There was a perception that the UNC was fossilising itself in antiquity. Some of the more experienced politicians perhaps assumed that they had some unencumbered freehold title to a parliamentary seat. And of course that only encouraged a sense of alienation amongst UNC supporters themselves.

It was in fact around 2012 that the word "cabal" became politically fashionable in our local politics. It became the buzzword, moulded and crafted by the political opponents of then Prime Minister Kamla Persad-Bissessar to describe what they conjured to be a clique that wrestled and wrested power from the leader of the Peo­ple's Part­ner­ship.

Notwithstanding the fact that Mrs Persad-Bissessar herself had dismissed the cabal narrative as a myth, it was an almost flawless psychological distraction fabricated and constructed with precision and aimed at derailing the former PM, whom they claimed wouldn’t last two years.

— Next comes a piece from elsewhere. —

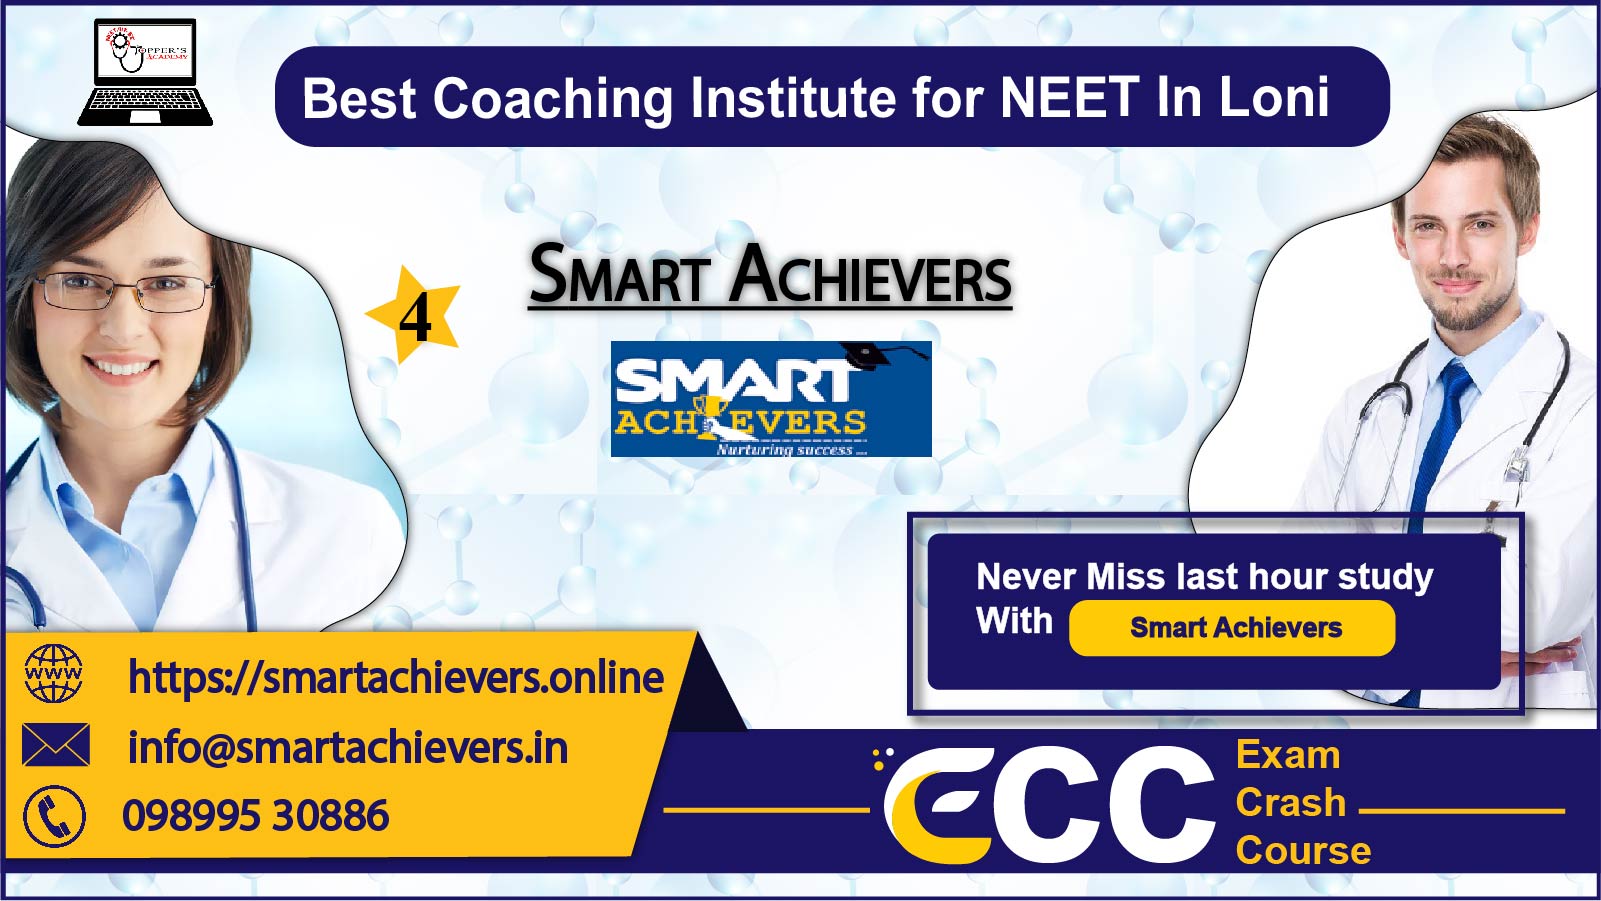 Smart Achievers NEET Coaching in Loni

But she lasted not only two, but five. And in those five years, each and every time a senior minister, presumably a member of the fictitious cabal, was dismissed, she was making the point that she was in charge.

So the plan, laden with poisonous political intent and which sought to portray her as politically fragile and under the control of “power-hungry old men,” fell recklessly short of its mark. Today the leading members of that first fictional faction have either retired, been fired or are soon not to be rehired.

Those faces of yesterday are slowly becoming less and less visible as the Leader of the Opposition invites the faces of tomorrow. Today the Opposition bench in the Senate is the youngest it has ever been. And judging from the launch of the UNC’s local government election campaign, it seems that Mrs Persad-Bissessar also has the youngest team heading into the polls.

Maybe the opponents of the UNC and the numerous political wizards now have a new whipping horse. There is a new cabal in town.The most popular sentiment leading up to this poll was that the UNC needed fresh faces, new ideas and pioneering political strategies.

This in itself is a victory for the UNC whatever the outcome of the election, as it reflects on a party that is experiencing contemporaneous transition and growth.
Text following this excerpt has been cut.